というか、三月の解禁後の釣りで厳しくない時はなかったよな。
先週と比べ、日中は晴れて気温が上がる予報だから、それがせめてもの救いだった。

以前よく入っていた流れ。ここ数年は大水が出た時の土砂で埋まったりして様子が変わったので、足が遠のいていた。
過去のいい思いをした場所の未練はどうしてもある。久しぶりにそこを釣ってみることにした。
まだ一気に出てくるという感じではない。今年はこんなものか?(^^;)
二つ目の目当ての場所はかなり浅くなっていた。前回より減水しているがそれよりも土砂で埋まった影響が大きい感じだ。

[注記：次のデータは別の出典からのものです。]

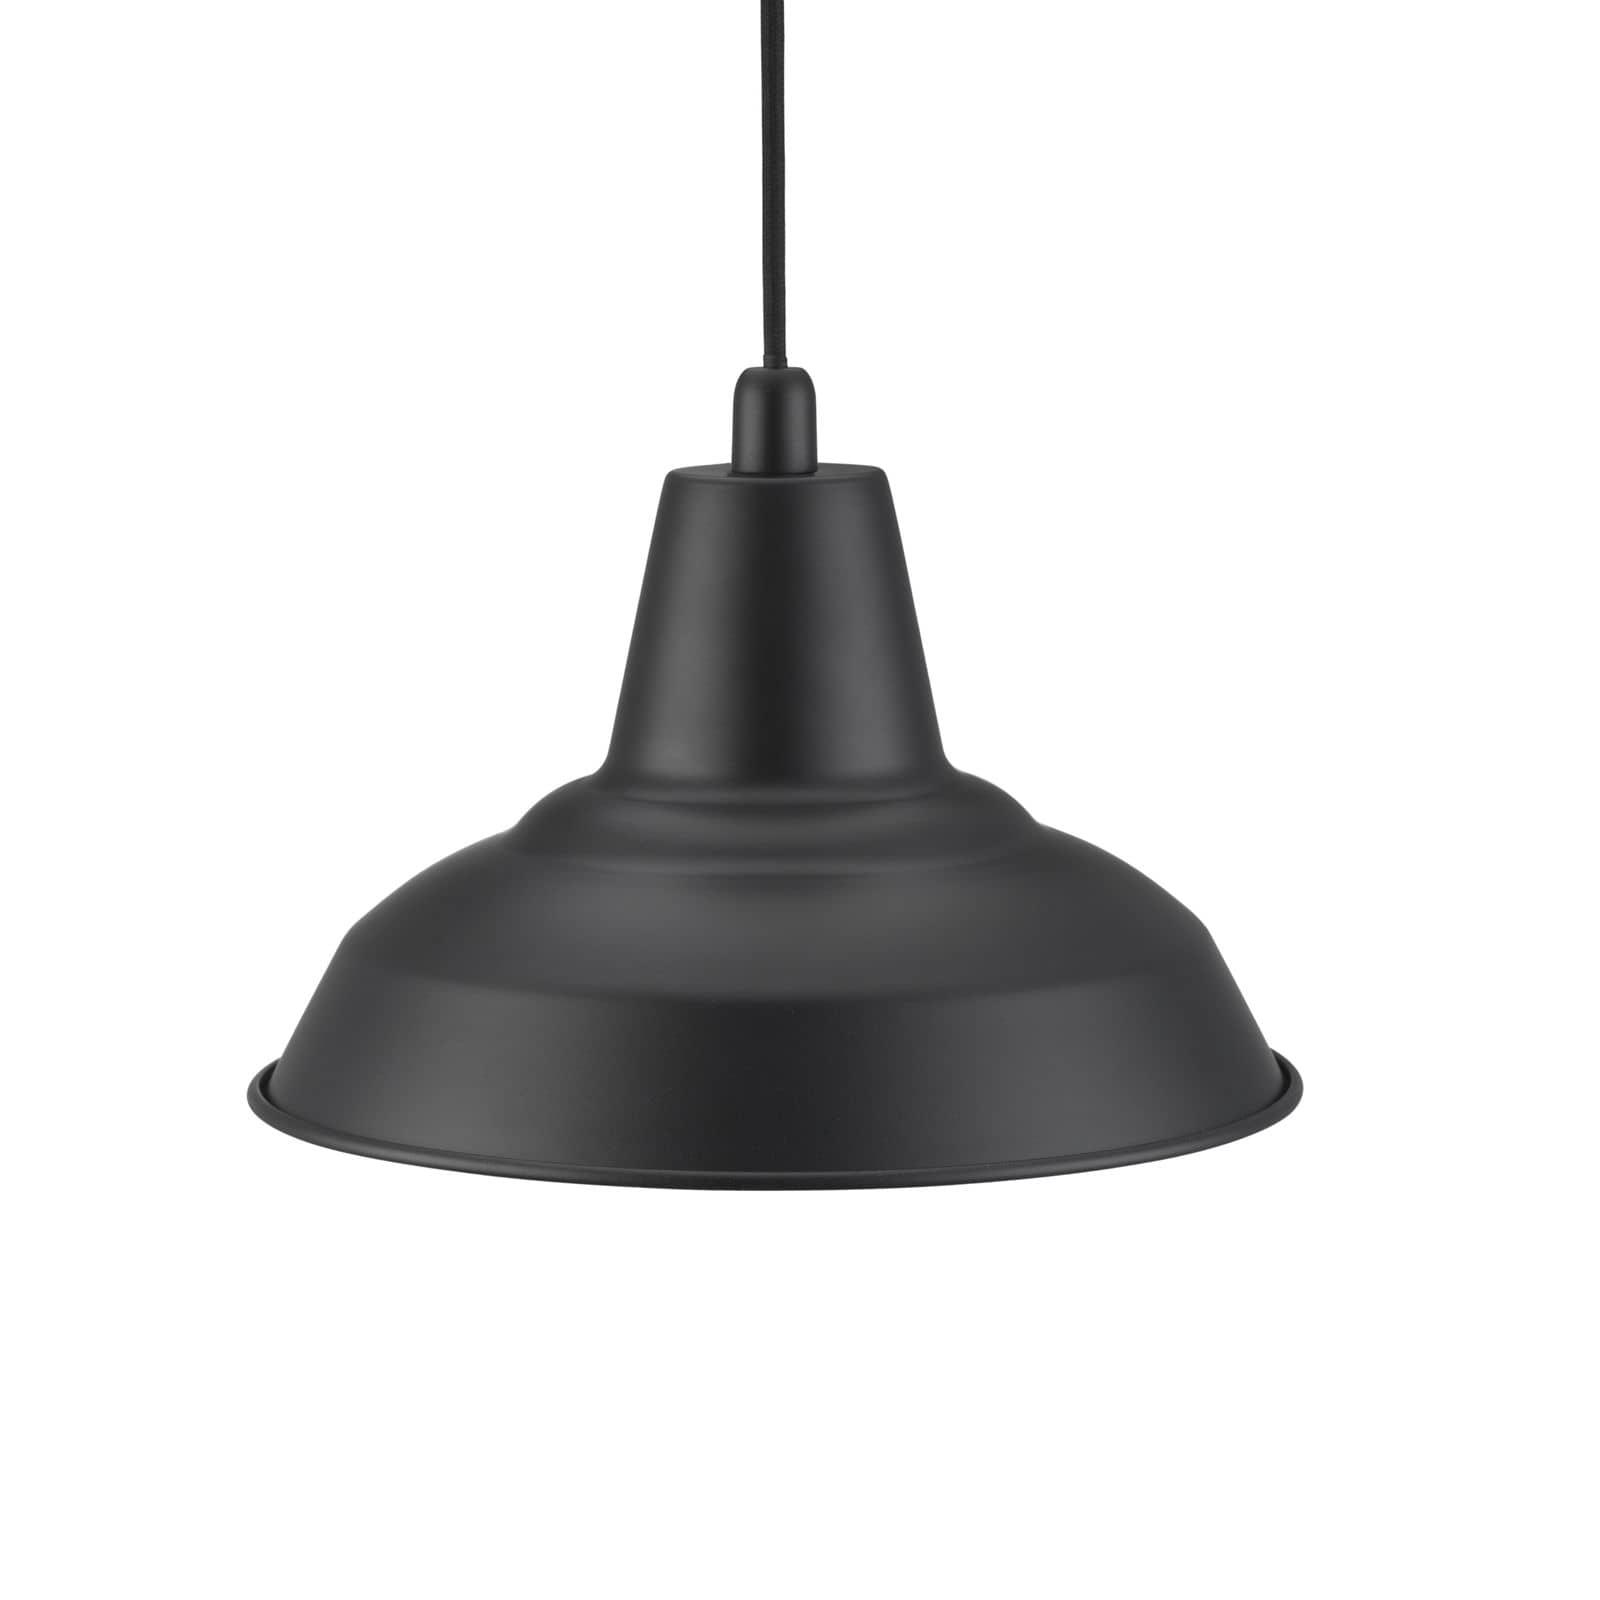 nordlux 84813003 lyne h ngelampe e27 metall schwarz hier. Black Bedroom Furniture Sets. Home Design Ideas

水は冷たいが居ればドライに何かしらの反応はあると思う。反応がないのは魚がいないのだろう。
浅いからニンフを試す場所でもない。
一番良かった場所。ここも埋まってさらに倒木が倒れ掛かり、完全に終わった場所なのは確認済みだが、ひょっとしてと覗いてみた。流れは細く浅くなり、良かった時の面影は全くなかった。
だんだん小さくなっていくヤマメ(>▽<:)
春は着実に来ているはずなのだが。
ヤブカンゾウがあちこちに。 
解禁一日目で釣った場所にも行ってみた。こうなったら釣った場所に頼るしかない。この日は午後からかなり風が強まる予報で、前日には僕の住む市内ででもかなりの強風だった。風が弱いうちになんとか釣っておきたい。
そのポイント、水位は下がっているがこれでちょうど平水くらい。良さそうな場所に最初にキャスト。出ない。もう一度、出ない。ああ、そんなに都合よくいかないよな。
さらに先にある有望ポイント、そこでも沈黙が破られることはなかった。なんだかダメになった場所の再確認と釣れた場所では続けて釣れいないということを証明するために来たみたいだ。
この日は今回で三回目の渓流だが、思えば一回目の解禁日が気温も水温も一番高かった。徐々に季節が逆行していき、ヤマメは姿を消していった。